Saint Paul Public Schools (SPPS) is a school district (ISD #625) that operates in Saint Paul, Minnesota.

Saint Paul Public Schools is Minnesota's largest school district and serves approximately 33,000 students.  The district runs 69 different schools including 37 elementary schools, 16 middle schools, 10 high schools, 2 alternative schools and 4 special education schools. The district employs around 6,500 teachers and staff. The entire school district participates in the University of Minnesota's College in the Schools (CIS) program.

St. Paul Public Schools oversees community education programs for pre-K and adult learners. The Community Education program includes classes and services such as Early Childhood Family Education, GED Diploma, language programs, and various other learning programs for community members of any age.

In 1993, St. Paul became the first city in the U.S. to sponsor and open a charter school, now found in most states across the nation. Saint Paul is currently home to 21 charter schools.

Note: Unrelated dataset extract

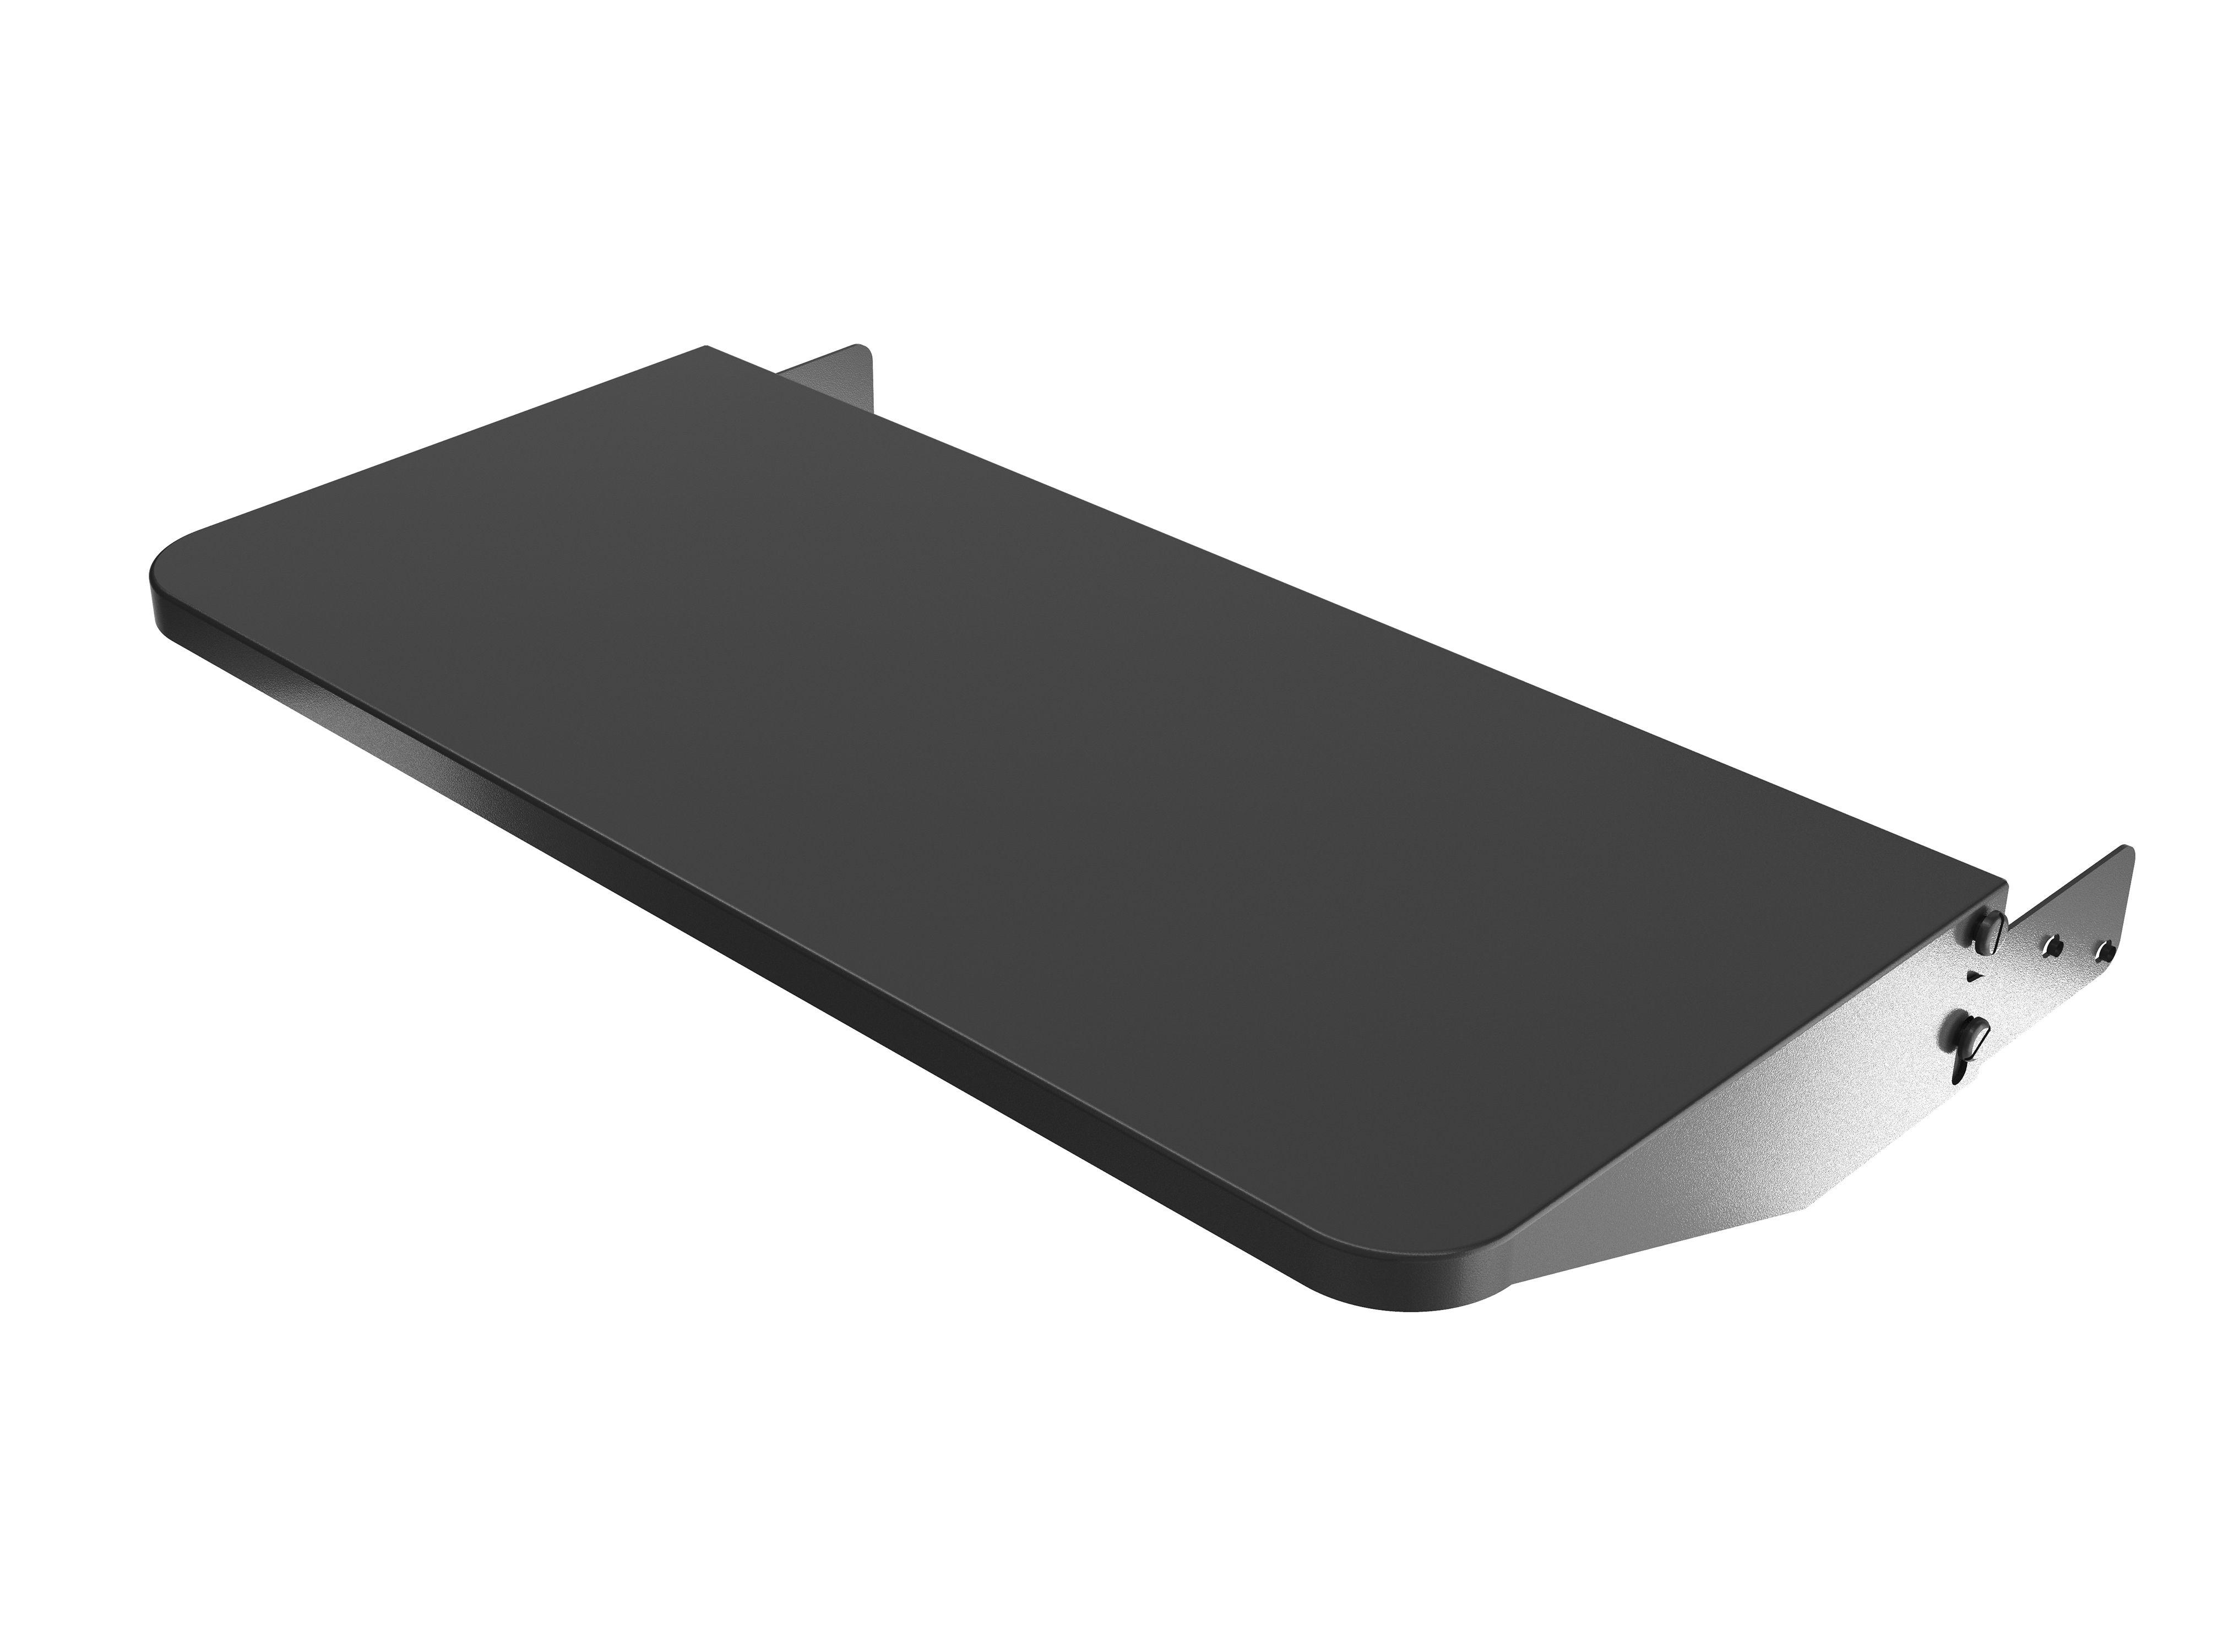 Traeger | Opklapbaar Werkblad | Ironwood 650, Pro575, Pro22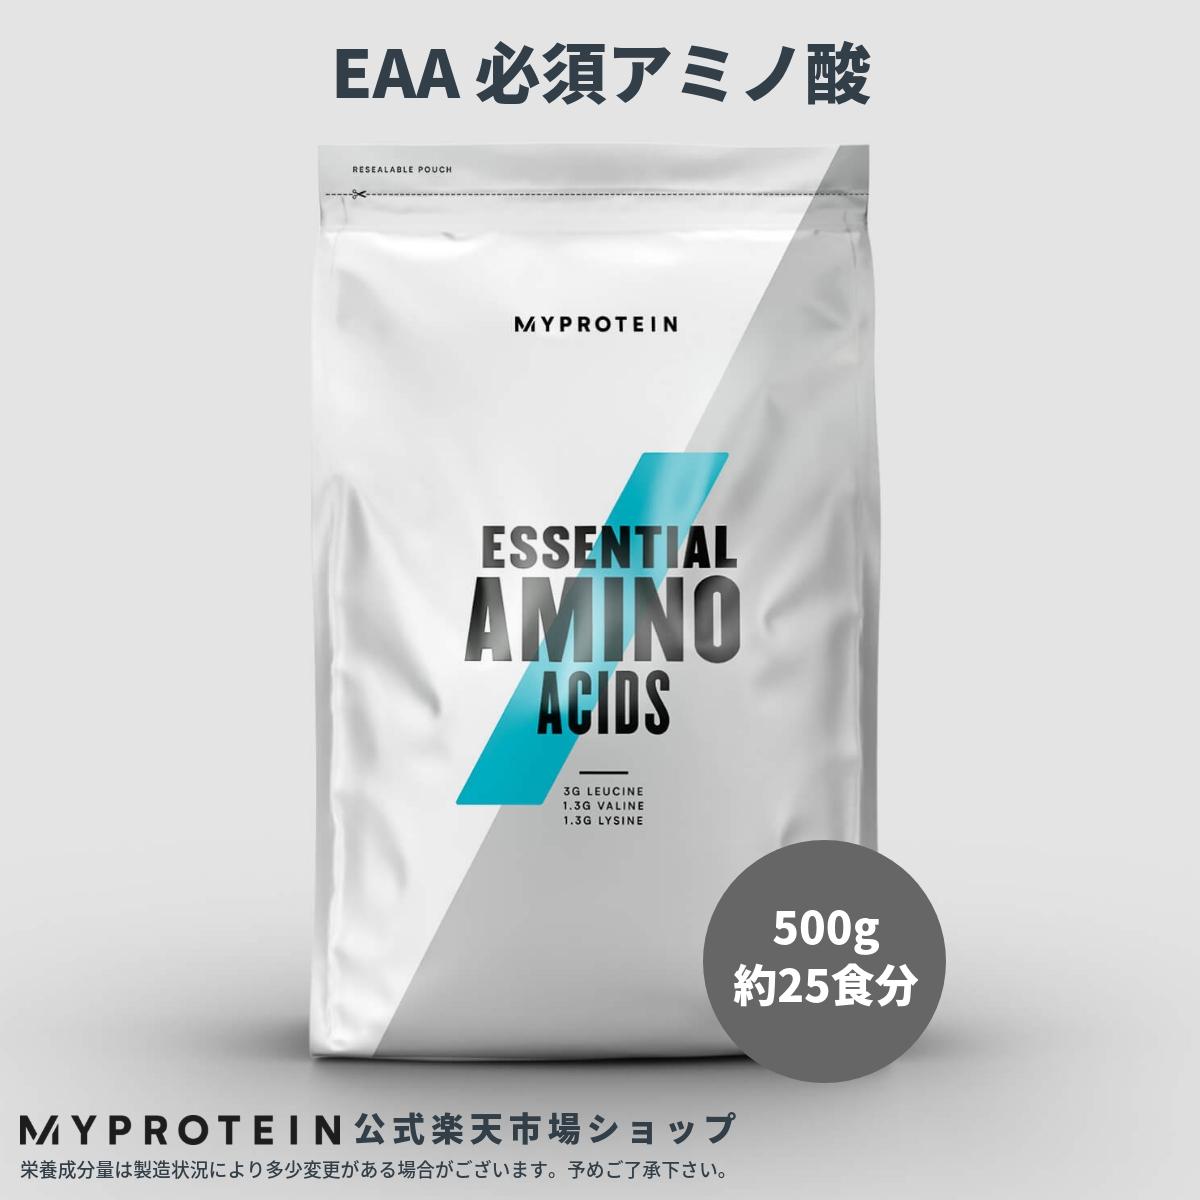 マイプロテイン 公式 【MyProtein】 EAA 必須アミノ酸 500g 約25食分| サプリメント サプリ BCAA アミノ酸 あみの酸 バリン ロイシン イソロイシン 燃焼系 スポーツサプリ ダイエットサプリ【楽天海外直送】

St. Paul Public Schools celebrated its 150th anniversary in 2006. Notable graduates of St. Paul Public Schools include former U.S. Supreme Court justices Harry Blackmun and Warren Burger, civil rights leader Roy Wilkins, creator of the Peanuts cartoon strip Charles M. Schulz, and many others from various professions and among notable achievements.

Demographics
The district has students from families speaking 114 different languages, although only four languages are used for most school communication. Those languages are English, Spanish, Hmong and Somali. 73.91% of students are students of color. 69% of the district's students qualify for free or reduced lunch, 17% of students are considered Special Education and 40% of students are ELL (English Language Learners). The school district currently receives $22 million a year in desegregation funding from the state. However, because of two United States Supreme Court cases, schools are no longer allowed to assign students to schools based on race.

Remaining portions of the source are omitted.